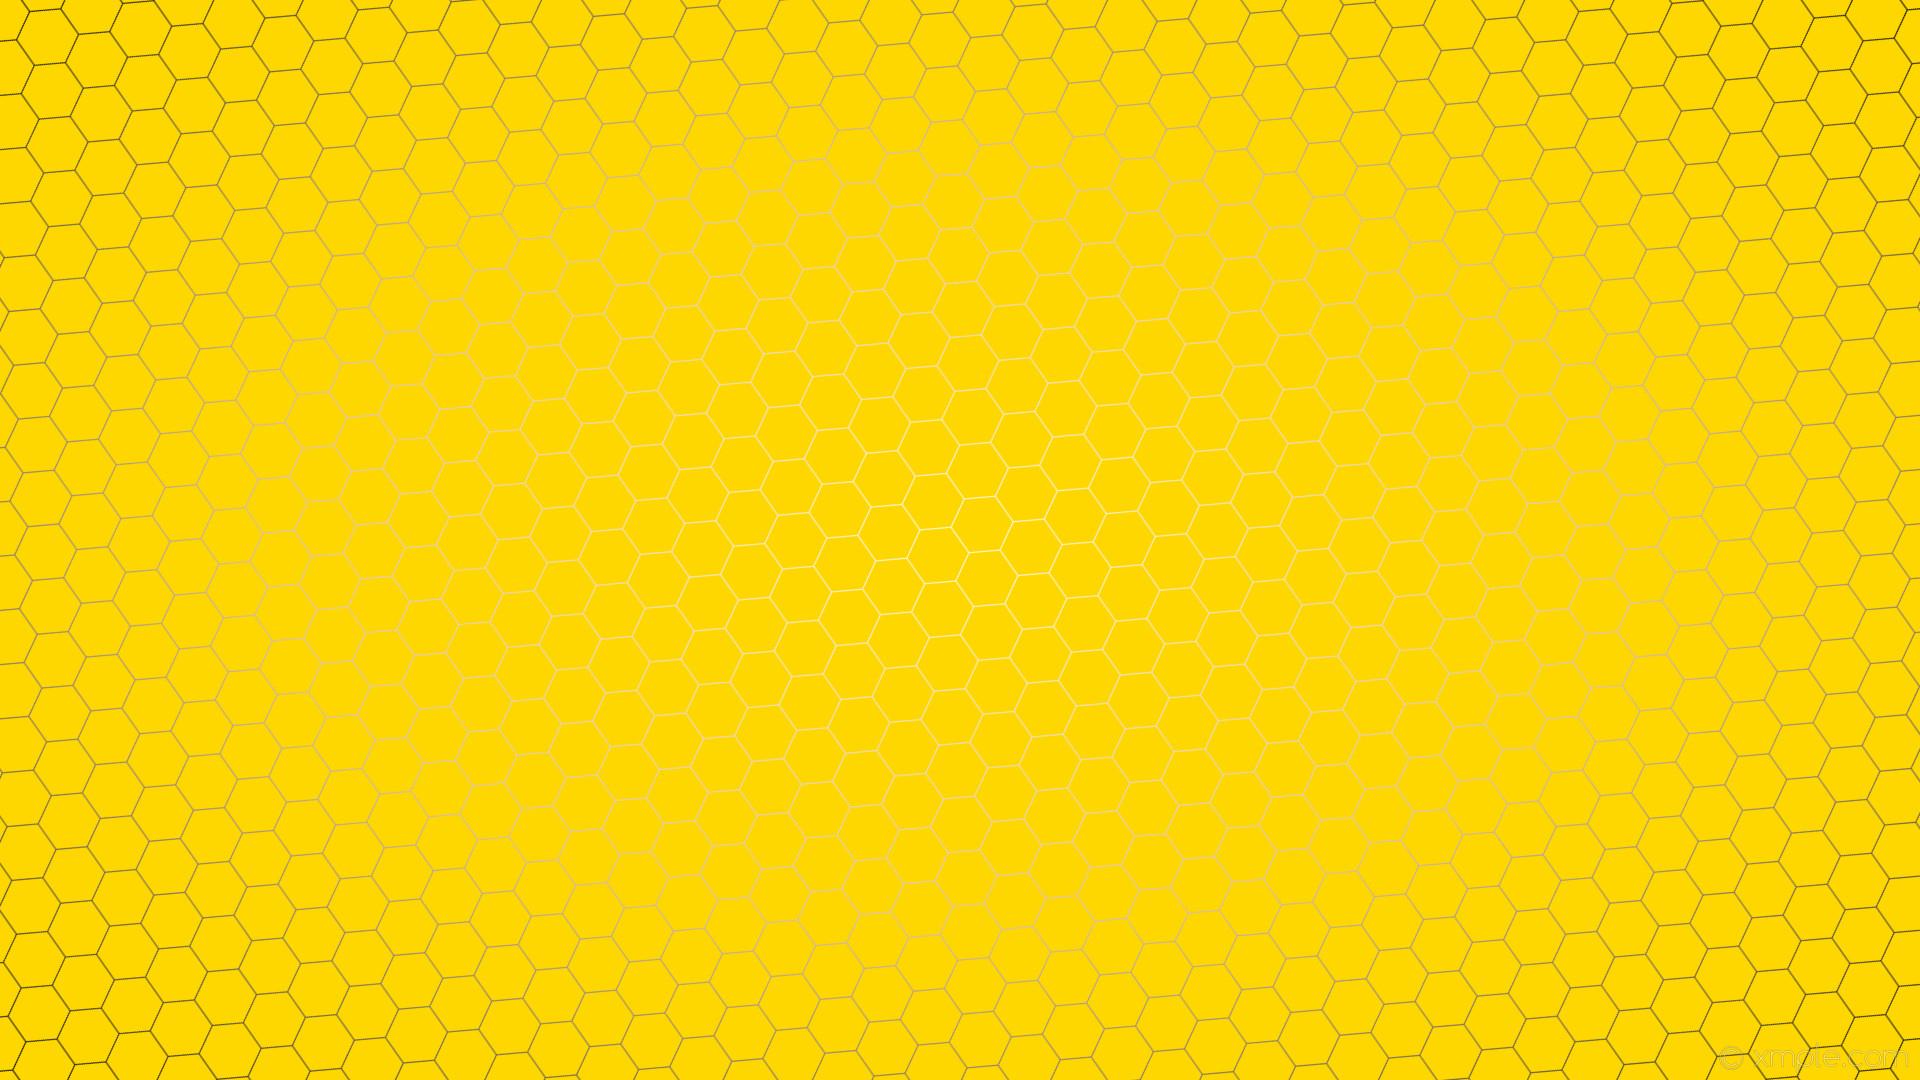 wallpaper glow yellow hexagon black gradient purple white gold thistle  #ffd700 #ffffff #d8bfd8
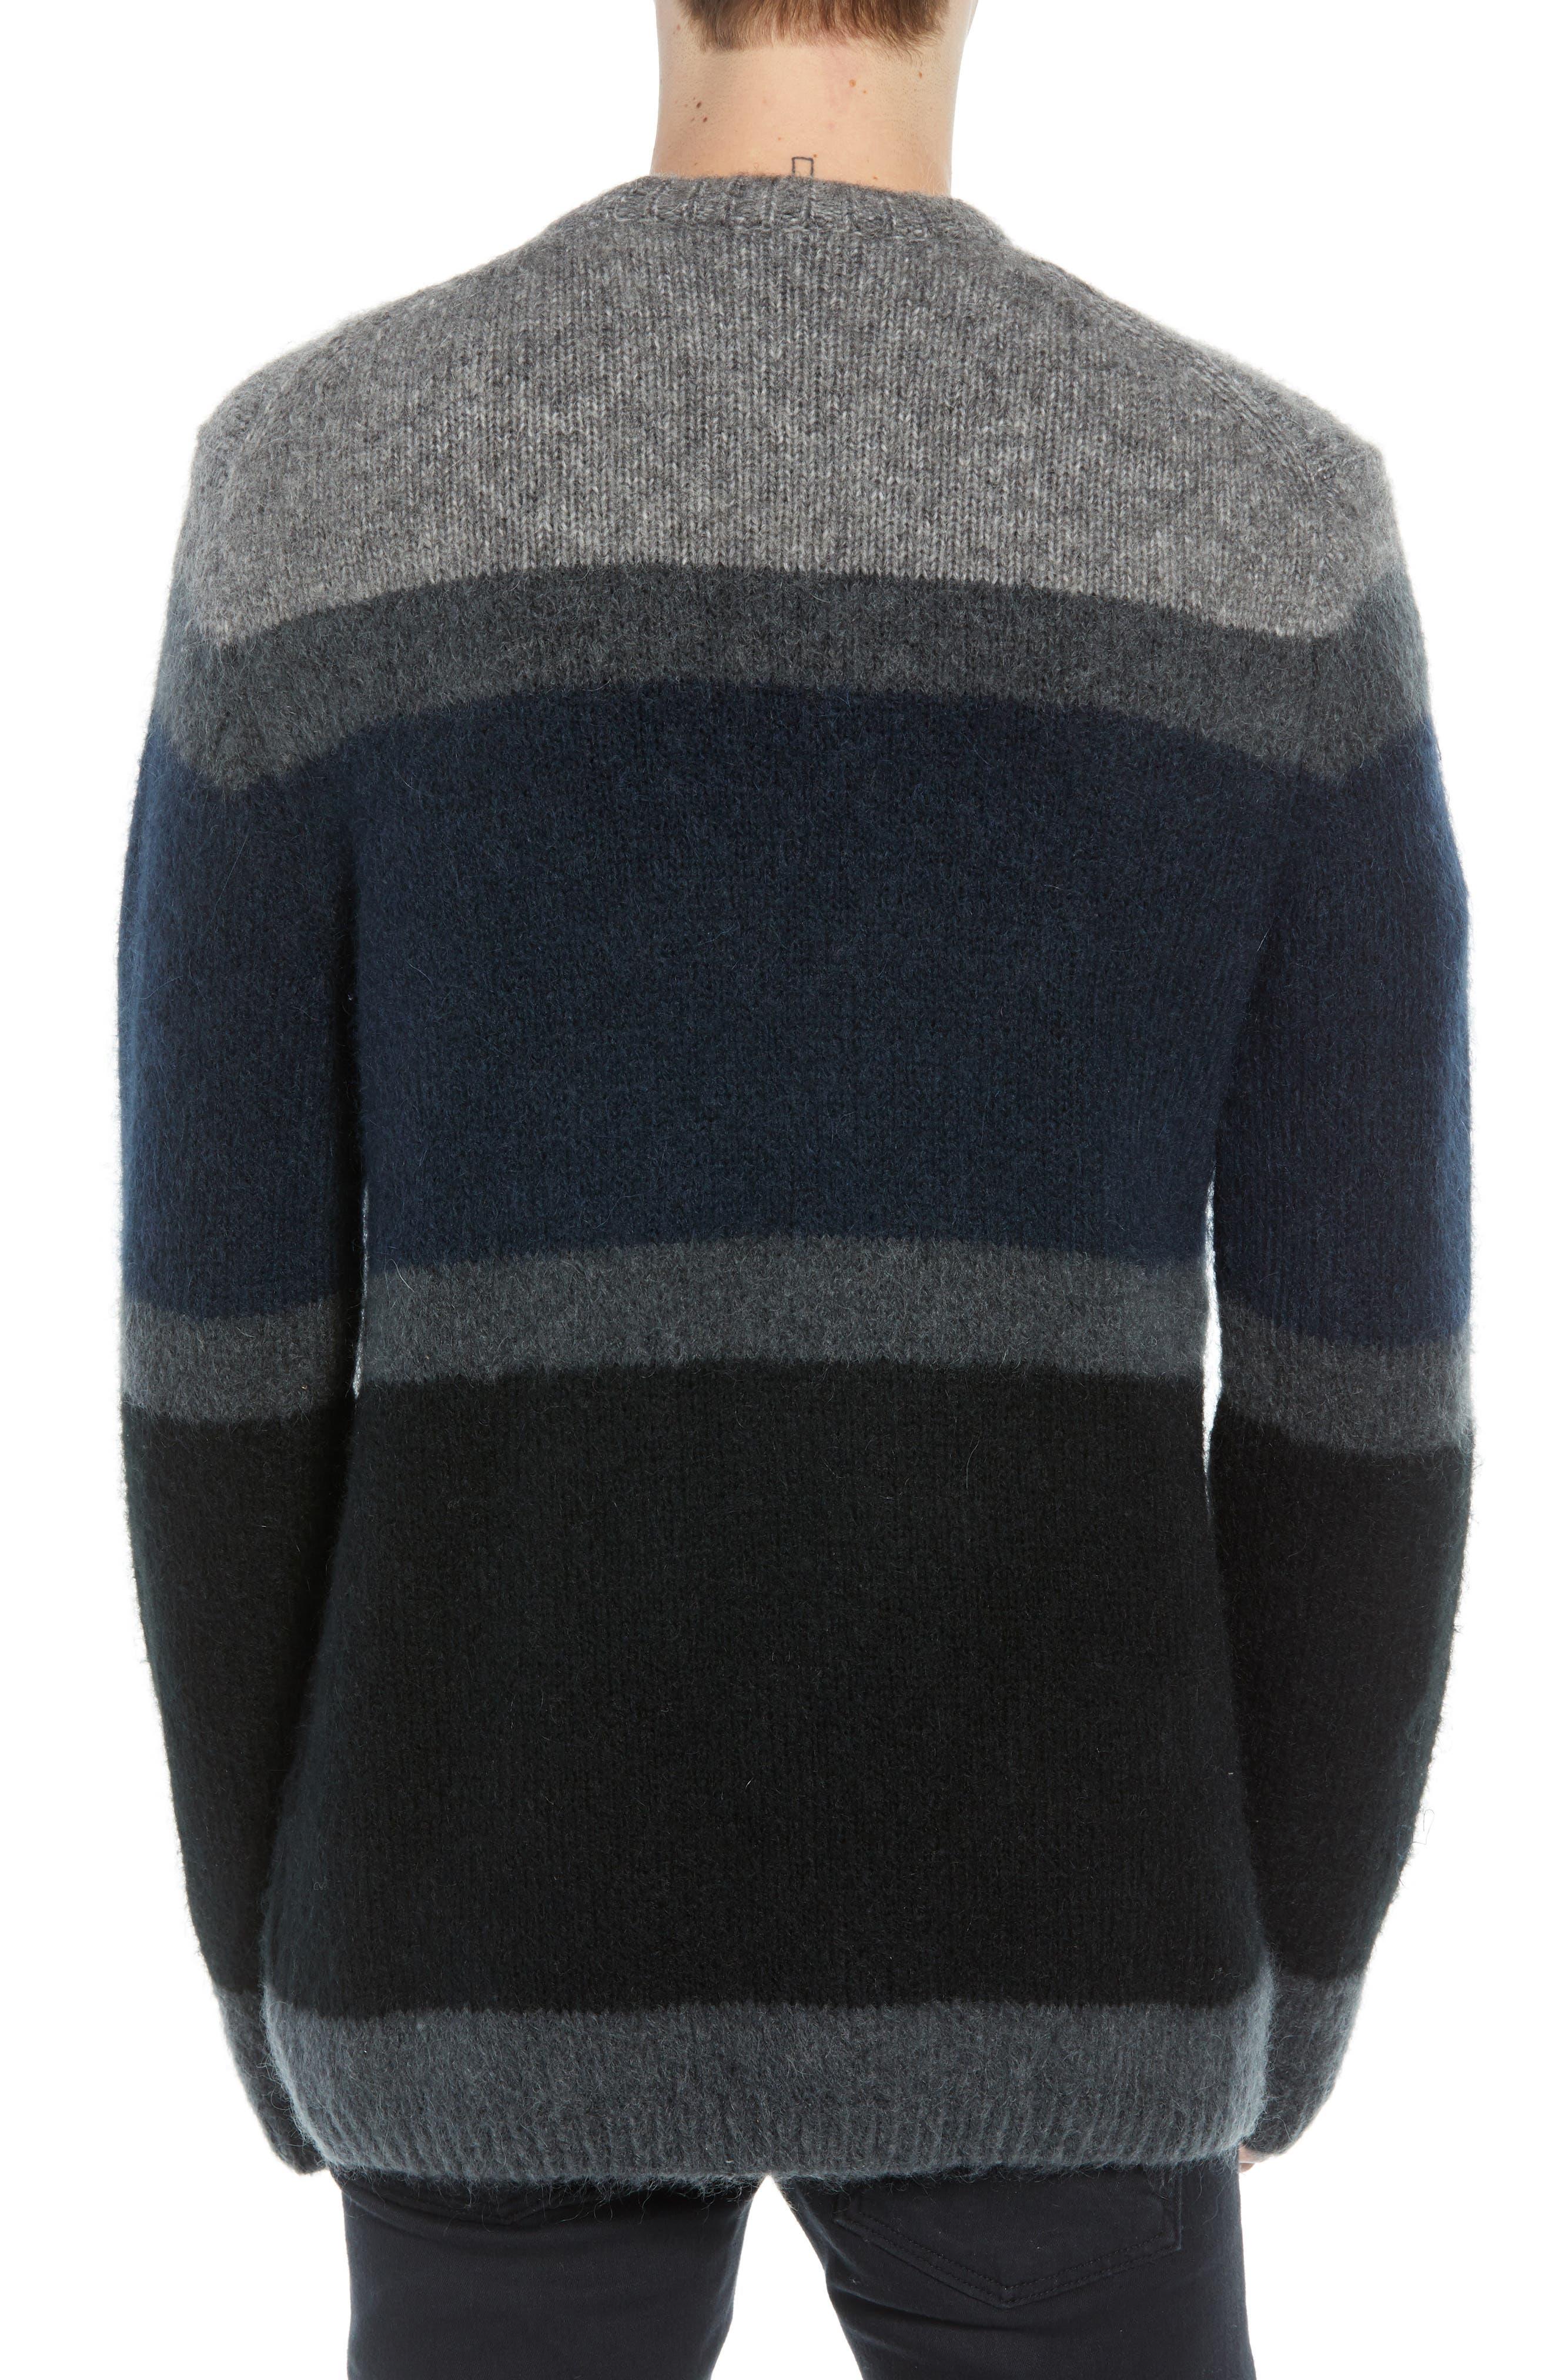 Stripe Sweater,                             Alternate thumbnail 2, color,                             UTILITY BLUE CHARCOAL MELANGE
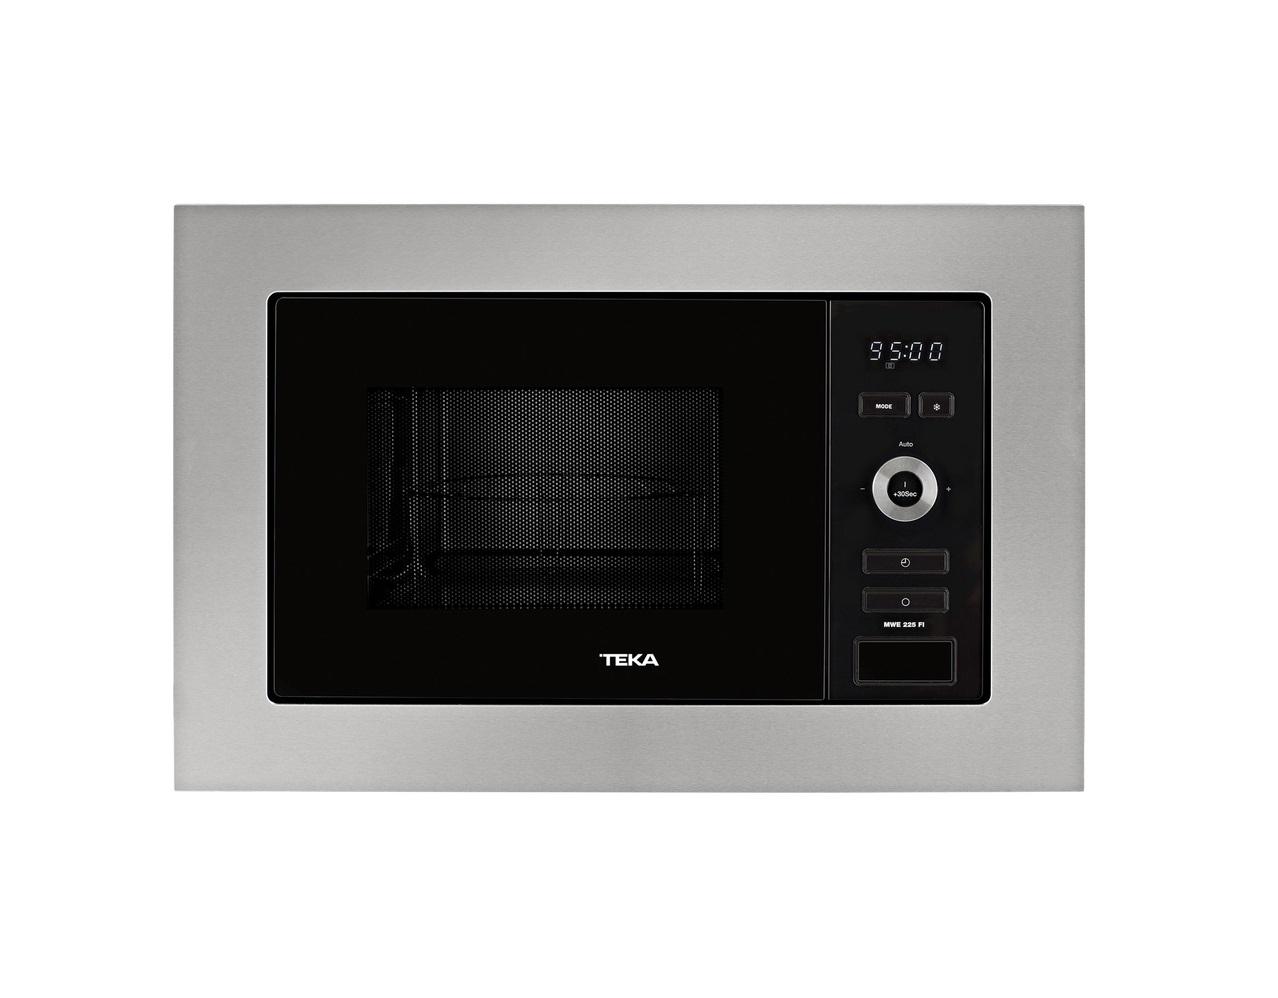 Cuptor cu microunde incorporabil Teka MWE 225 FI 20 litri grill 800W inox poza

--

* Task description: For this step, transcribe all the material above exactly and drop the images.

* The completed task:
 wallpaper glow yellow hexagon black gradient purple white gold thistle  #ffd700 #ffffff #d8bfd8
 Stripe Sweater,                             Alternate thumbnail 2, color,                             UTILITY BLUE CHARCOAL MELANGE
 Cuptor cu microunde incorporabil Teka MWE 225 FI 20 litri grill 800W inox poza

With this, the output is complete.